A positive culture of the epidural space with the same organism
identified from the exit site might indicate the source is either the
skin organism contamination of the infusion or a tracking of the
infection along the catheter track. Physical examination should help
in this determination.
A negative culture from the epidural space, but a positive culture
from the catheter exit site and clinical findings of inflammation
along the catheter track, are consistent with an extension of the
catheter track infection, but with presumed preservation of sterility
of the epidural space. Aggressive care is mandatory to prevent extension.
All cultures are compared to determine the relationship between the
suspected area of infection and possible sources.

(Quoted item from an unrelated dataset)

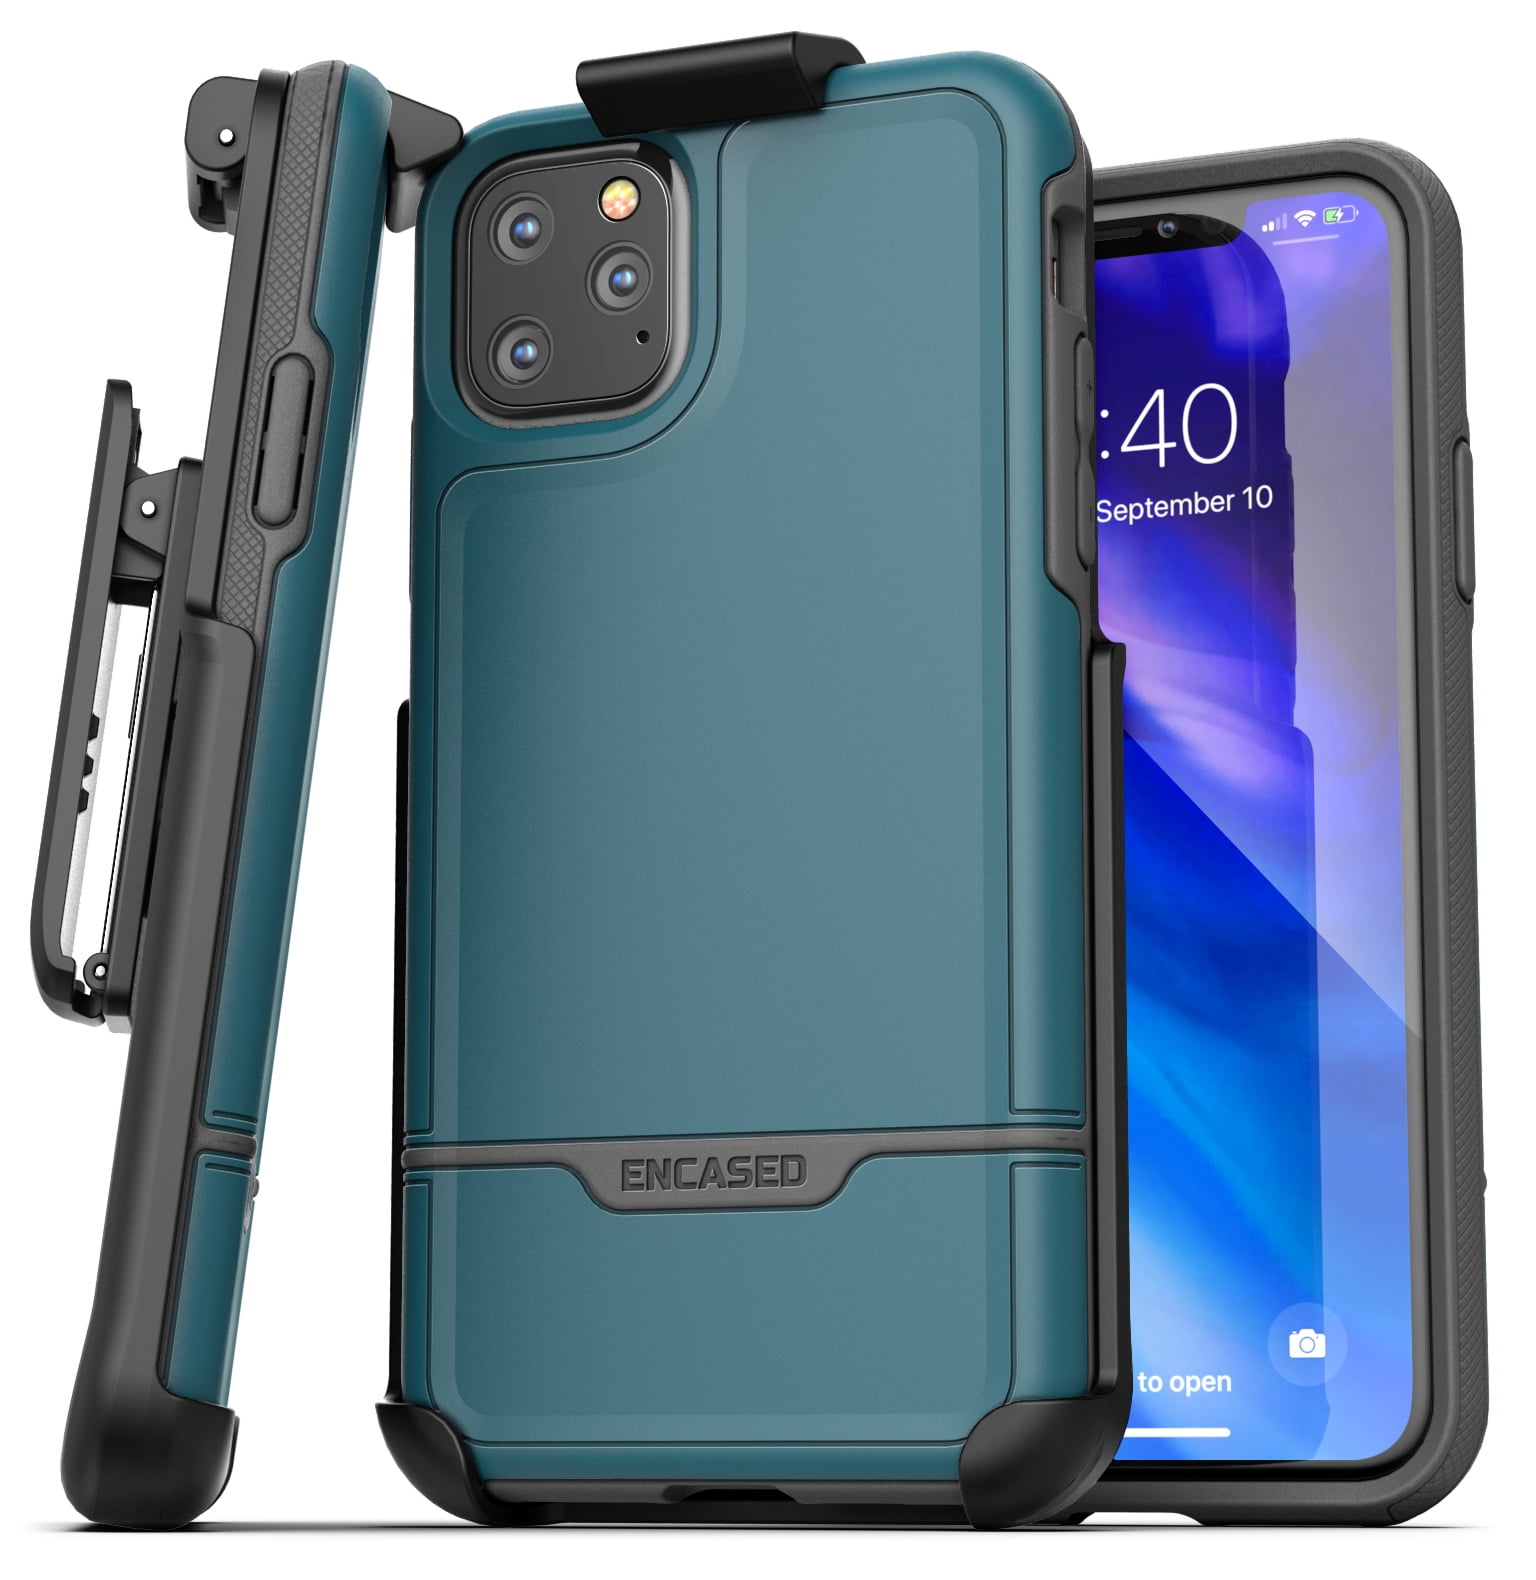 2019 Rebel Armor Heavy Duty Protective Full Body Rugged Cover with Holder Camo Green Encased iPhone 11 Pro Max Belt Clip Holster Case

The standard treatment of epidural catheter-related infections
involves identification of the organism, followed by device removal,
and aggressive antibiotic therapy. After treatment, the patient can
have the device replaced for continued pain management, if desired.
However, this author  and others have successfully treated
indwelling epidural catheter infections with epidurally administered
vancomycin (Vancocin) in the very rare patient for whom catheter
salvage is the paramount concern.
The use of inline catheter filters during long-term use is generally
accepted. The use of a double-filter technique has resulted in a
marked decrease in catheter-related infections. The proximal
filter is never changed unless damaged. The outer or distal filter
and pump tubing are changed on a monthly basis. The author has
experienced only two catheter-related infections in 75 patients (3%)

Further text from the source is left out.